Self-solving: Fixed any errors myself through prior knowledge/experience I have developed from this internship
Organization: I created a folder for my outputs, and properly uploaded it (in addition to the other folders) on GitHub
Organized by code by commenting
Three Achievement Highlights:
Performed quality control on GSE66272 (arrayQualityMetrics); created two PCA plots
DGE analysis: Successfully identified and removed outliers, and annotated probe IDs to their designated gene SYMBOLS
Functional Analysis: performed GEO and GSEA and created plots/graphs
Tasks Completed:
In this module I did nothing new, but rather applied my skills and knowledge from previous modules to a new data set: GSE66272, which is about renal cancer, specifically CCRCC, which is a very aggressive form of it. Just like the previous lung cancer data set I analysed (GSE19804), the data is profiled by array. I downloaded the data .CEL and series matrix text file, from which I was to import data into RStudio and create metadata.
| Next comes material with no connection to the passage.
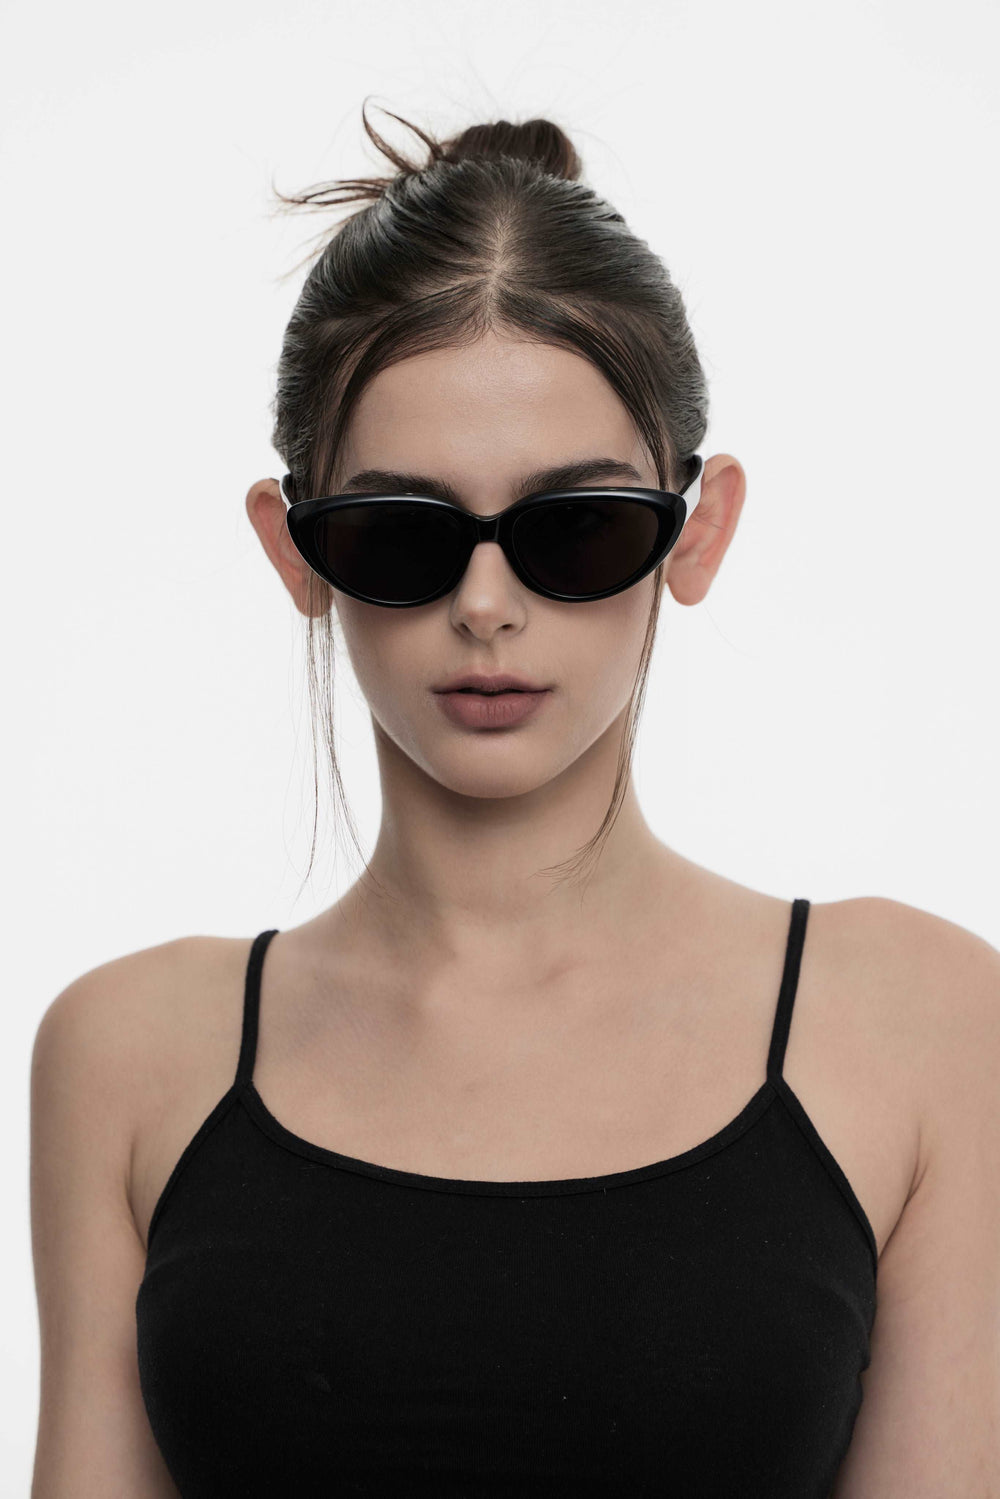 Female Model of her front face wearing Daydream’s BEBE black sunglasses for fashionistas from Mercury Retrograde

From then I performed a quality control test (specifically arrayQualityMetrics) and then normalized the data using gcrma. Afterwards, I visualize the data (both the raw and normalized) using a PCA model. Then I moved onto DGE analysis, where I identified and removed the outlier probe IDs to their respectful gene SYMBOLS, and removed duplicate symbols, probe IDs, and NAs. Afterwards I merged the annotated data with the normalized data with no outliers by row names and filtered the data. On this data I performed limma analysis, from which I made a top table and made a heat map from. Then I moved onto functional analysis, where I performed gene ontology and GSEA and generated plots/graphs.